As part of that data center consolidation process, which ultimately whittled down the number of data centers from nine to three, Heartland decided to adopt a private cloud. Now, Heartland is in a unique position as an early adopter of private cloud that is now in the process of upgrading to a second-generation private cloud.

"Our first attempt was very much 'cloud washing,' " he explains, meaning that the vendor, in this case Fujitsu, called it a cloud, taking advantage of the buzz around the term without actually delivering full cloud features. "It was an outsourced managed service offering that was simply whitewashed with cloud-like behaviors, including utility pricing."

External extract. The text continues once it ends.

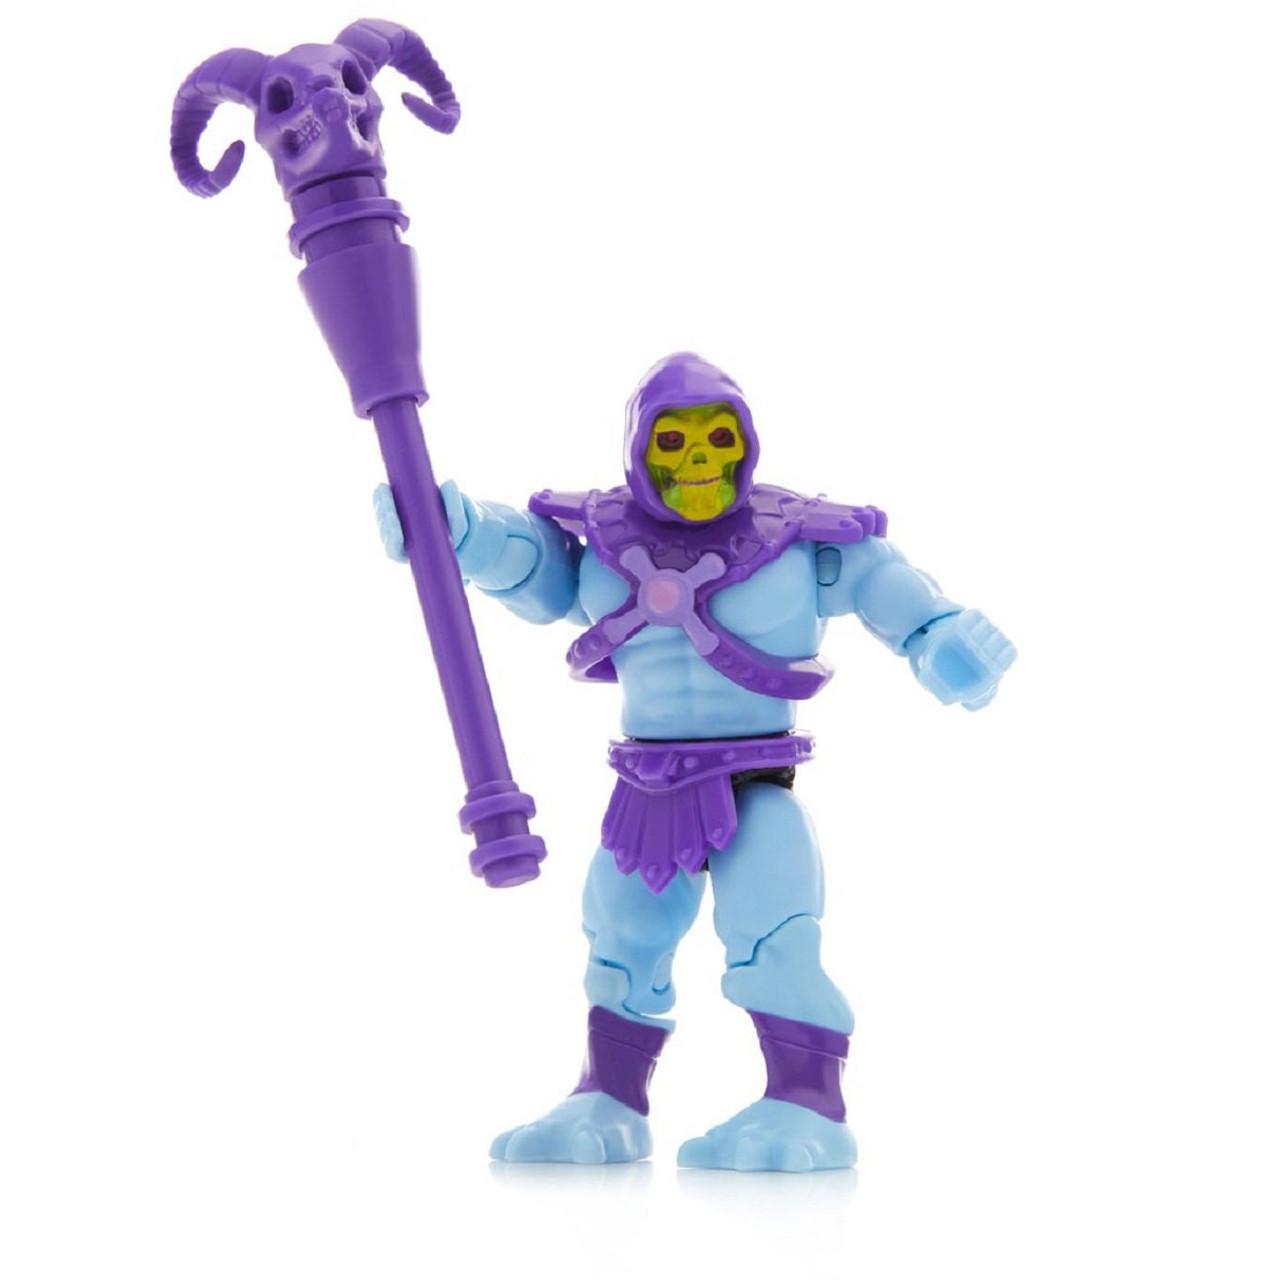 Mega Construx Heroes Series 1 Masters of the Universe Skeletor Figure

That said, the private cloud continues to serves its purpose, he says -- to run the payment processing service that is used by Heartland's merchants. The infrastructure is owned by Heartland and is in a physically separate environment. "Our auditors, internal and external, can see and feel and touch it and that makes them feel better," Herrin says.

Kris Herrin
"Our first attempt was very much cloud washing," says Kris Herrin, chief technology officer for Heartland, meaning the vendor called it a cloud, taking advantage of the buzz around the term without actually delivering full cloud features. The company's building a second-generation cloud that will rectify that situation.

But it's missing a few important features. One is that it doesn't offer software-driven networking or storage. That means that the company can easily and very quickly provision compute power but it might take an additional two months to set up the networking piece.

Heartland has a particularly complex network design because of the nature of its business -- it offers real-time credit card processing services.

Its second-generation private cloud, which it hopes to have up and running by the first quarter of next year, will support software defined networking, which will decouple the networking from the compute functions and thus should make it much easier to provision cloud services and also make hardware upgrades.

Heartland is currently using VMware's cloud technology and expects to continue with VMware in its new cloud, at least initially. "We're having open discussions as to whether we may or may not continue with [VMware] in the long run," Herrin says. "We realized we need to give ourselves the ability to be agnostic whether we stick with VMware or not." The plan is to architect the cloud so that the company can switch to a different cloud technology provider in the future. Apache's CloudStack is on Heartland's short list, he says.

Heartland expects to be able to use existing server hardware from IBM for the new cloud and is still evaluating whether it will be able to reuse the Fujitsu hardware from its first-generation service.

The new cloud likely won't be self-service in exactly the same way that public clouds like Amazon Web Services are, but Herrin still expects it will be a dramatic improvement. "What I figured out quickly is my business users and developers internally didn't really care about self-service," he says. Whether they ordered up the resources themselves or someone else did it for them, that factor wasn't as important as getting access to the resources quickly.

He's envisioning a setup where developers will be able to do most of the kind of provisioning they want on their own while reaching out to a staff cloud expert for some functions. "Given where things are today, in that it takes weeks to get things done, getting it down to days, people will be thrilled with that," he says. "That will be a nice win right off the bat."

Heartland does use public cloud services, like those from Amazon Web Services, for some applications. "We want to consume more and more in the public cloud but we know we will always still have a private cloud," Herrin says.